Bosnia: Current Issues and U.S. Policy


Steven Woehrel
Specialist in European Affairs

In recent years, many analysts have expressed concern that the international community’s efforts over the past 15 years to stabilize Bosnia are failing. Milorad Dodik, president of the Republika Srpska (RS), one of the two semi-autonomous “entities” within Bosnia, has obstructed efforts to make Bosnia’s central government more effective. He has repeatedly asserted the RS’s right to secede from Bosnia, although he has so far refrained from trying to make this threat a reality. An RS referendum, scheduled for June 2011, aimed at attacking the legitimacy of a central government-level court, was averted when Dodik backed down. Ethnic Croat leaders in Bosnia have called for the creation of a third, Croat “entity,” threatening a further fragmentation of the country. After two major Croat parties were excluded from the government of the Federation (the other autonomous “entity” in Bosnia), they refused to recognize its legitimacy and formed their own assembly. Bosnia has failed to form a central government, more than eight months after October 2010 elections.

The Office of the High Representative (OHR), chosen by leading countries and international institutions, oversees implementation of the Dayton Peace Accords, which ended the 1992-1995 war in Bosnia. It has the power to fire Bosnian officials and impose laws, if need be, to enforce the Dayton Accords. However, the international community has proved unwilling in recent years to back the High Representative in using these powers boldly, fearing a backlash among Bosnian Serb leaders. As a result, OHR has become increasingly ineffective, according to many observers.

The international community has vowed to close OHR after Bosnia meets a series of five objectives and two conditions, ending direct international oversight. However, the failure of Bosnia to achieve these objectives and conditions has led the European Union to try to boost the role of its delegation in Bosnia while leaving OHR to more limited tasks. The EU’s main inducement to enlist the cooperation of Bosnian leaders—the prospect of eventual EU membership—has so far proved insufficient. The prospect of NATO membership has also had little effect. In April 2010, NATO foreign ministers agreed to permit Bosnia to join the Membership Action Plan (MAP) program, a key stepping-stone to membership for NATO. However, the ministers stressed that NATO will not accept Bosnia’s Annual National Plan under the program until the entities agree to the registration of defense installations as the property of the central government. Dodik has rejected doing so for installations on RS territory.

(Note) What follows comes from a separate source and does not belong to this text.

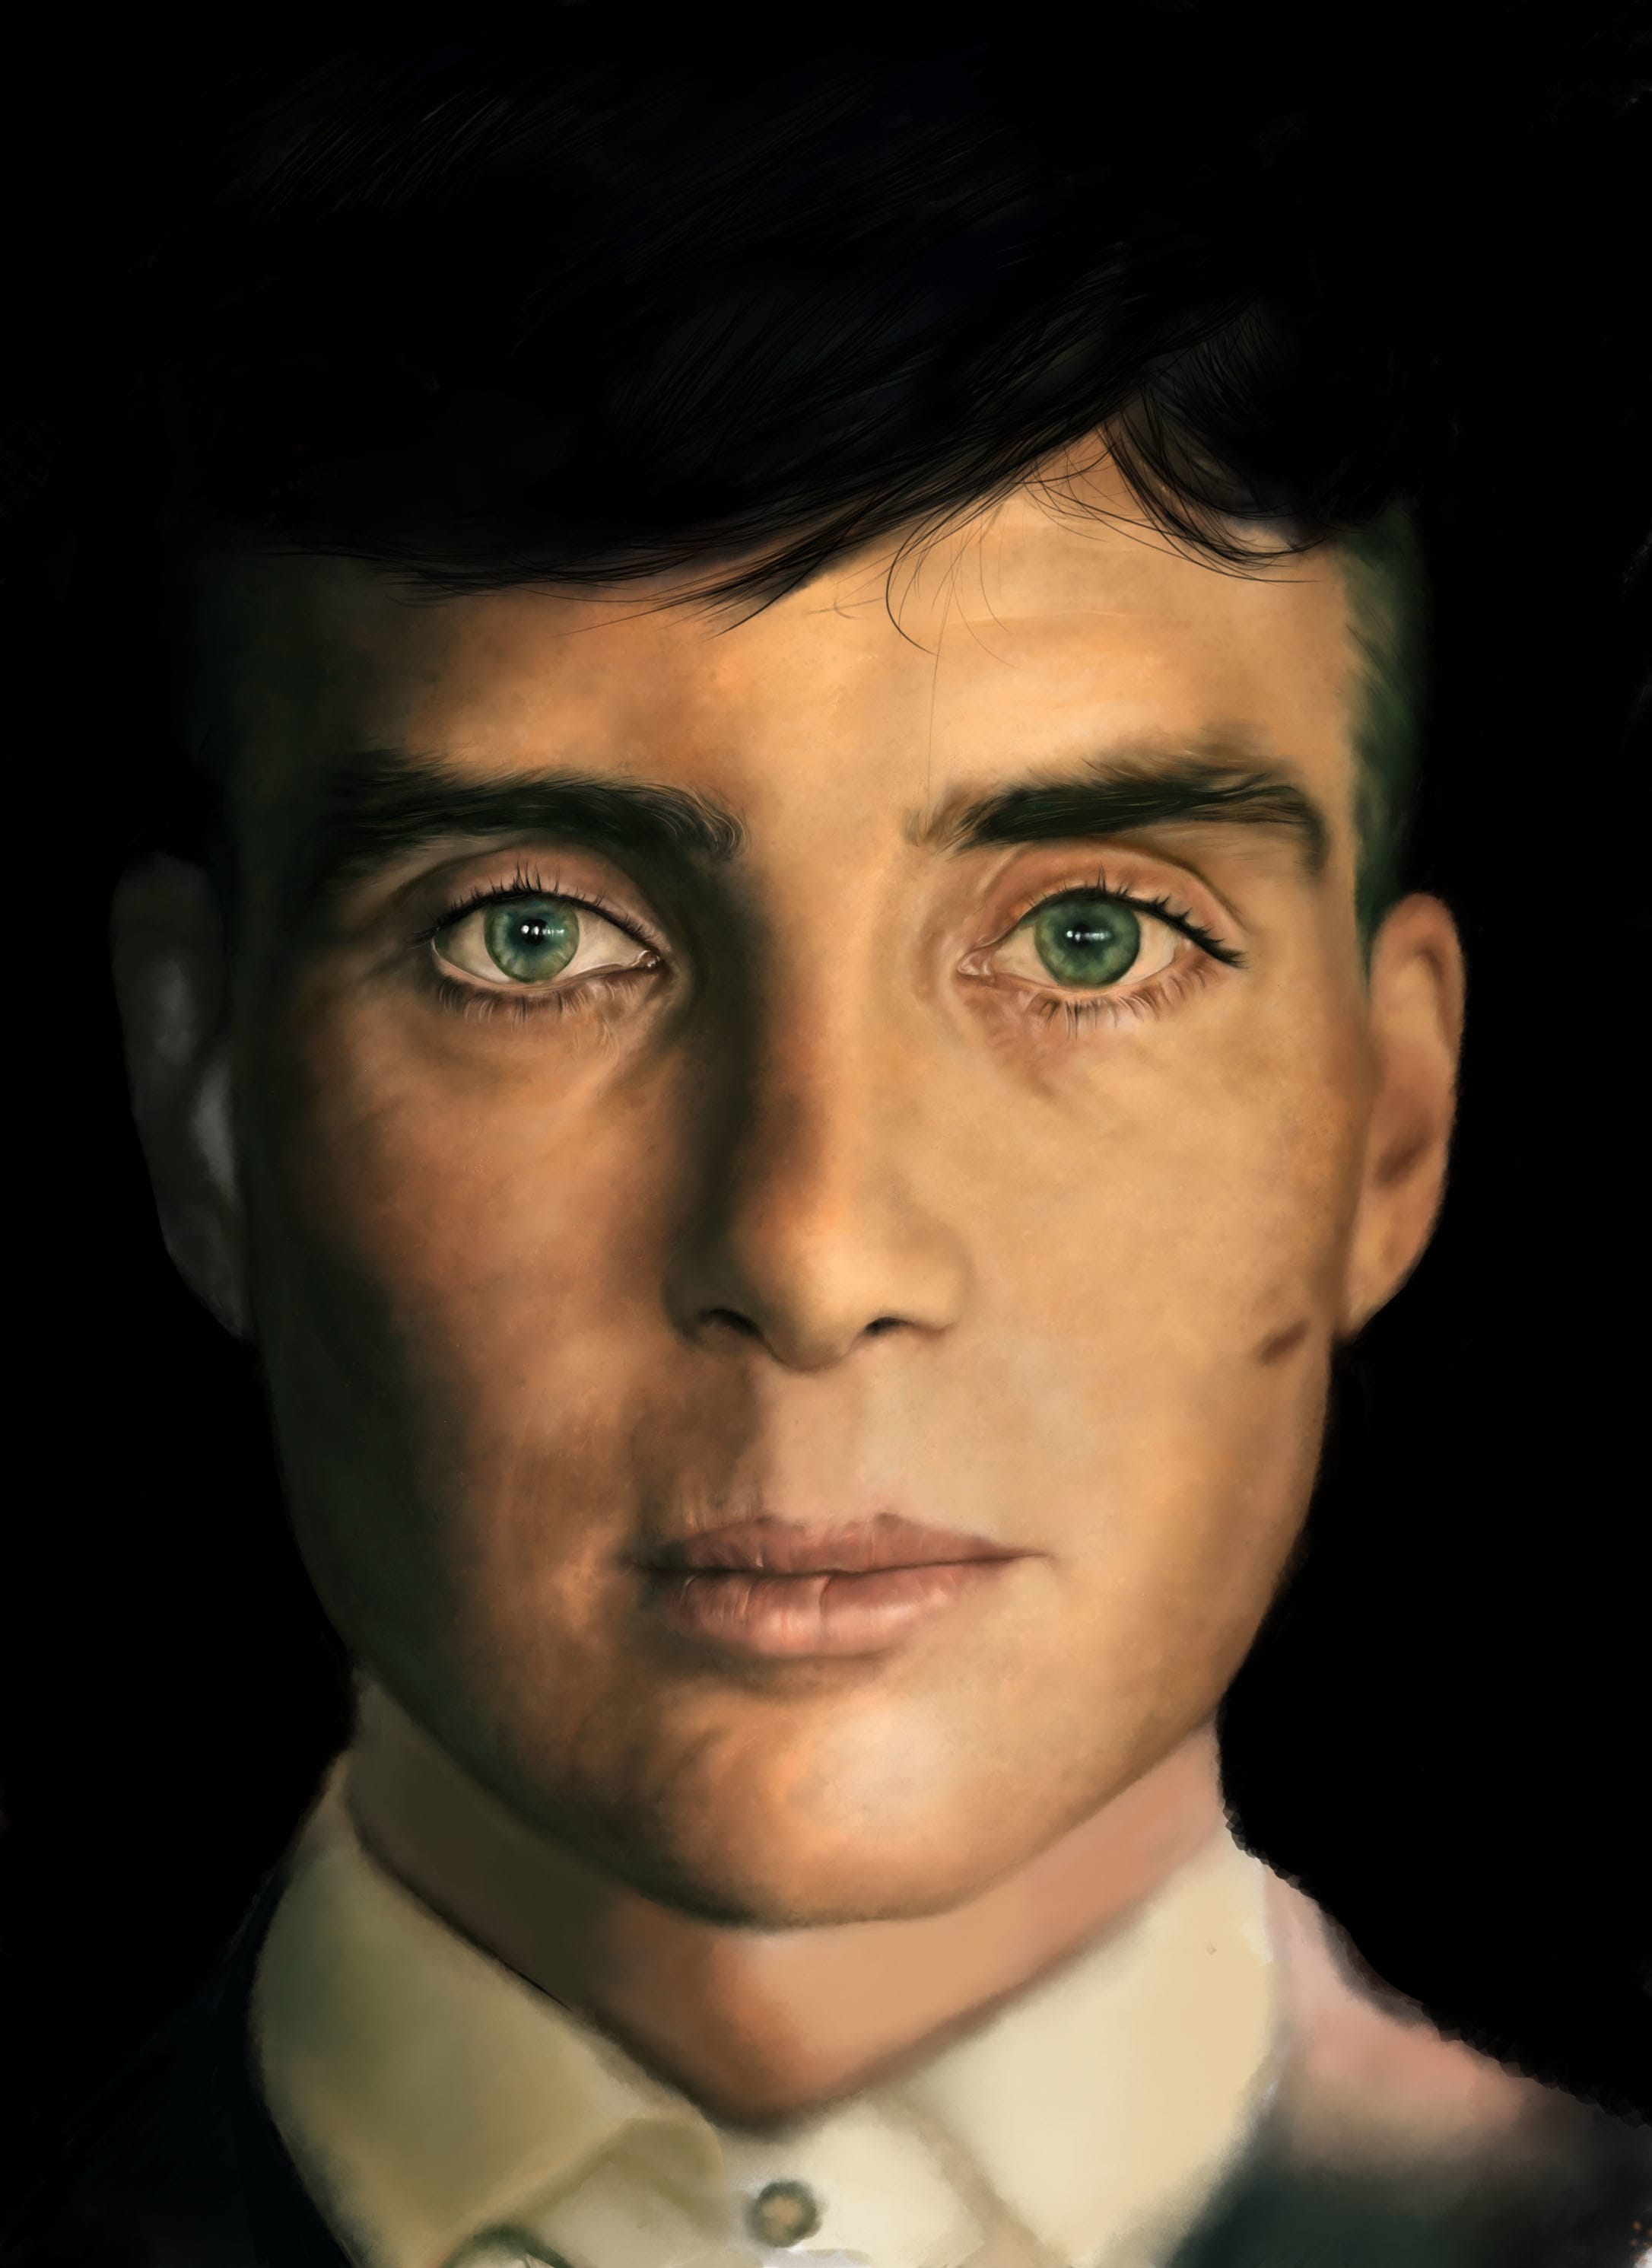 Draw Or Paint Custom Digital Hyperrealistic Portrait By Katiediago Fiverr

Some observers are concerned that the combination of internal tensions within Bosnia and a declining international role could perhaps lead to violence and the destabilization of the region as a whole. This could be more likely if the RS tried to secede from Bosnia. However, there are factors acting against conflict, including the lack of support for war among Bosnians, the reduction in the level of weaponry in the country since the war, and the fact that neighboring Serbia and Croatia would not see a conflict as being in their interest, given their desire for EU membership.

According to the USAID “Greenbook,” the United States provided just over $2 billion in aid to Bosnia between FY1993 and FY2009. However, the U.S. role in the country has declined in recent years as the EU role has increased. The Obama Administration has stressed the importance of maintaining a close partnership with the EU in dealing with Bosnia. Like the EU, the United States has urged Bosnian politicians to agree to constitutional and other reforms to make Bosnia’s central government institutions more effective, so that the country can become a better candidate for eventual NATO and EU membership.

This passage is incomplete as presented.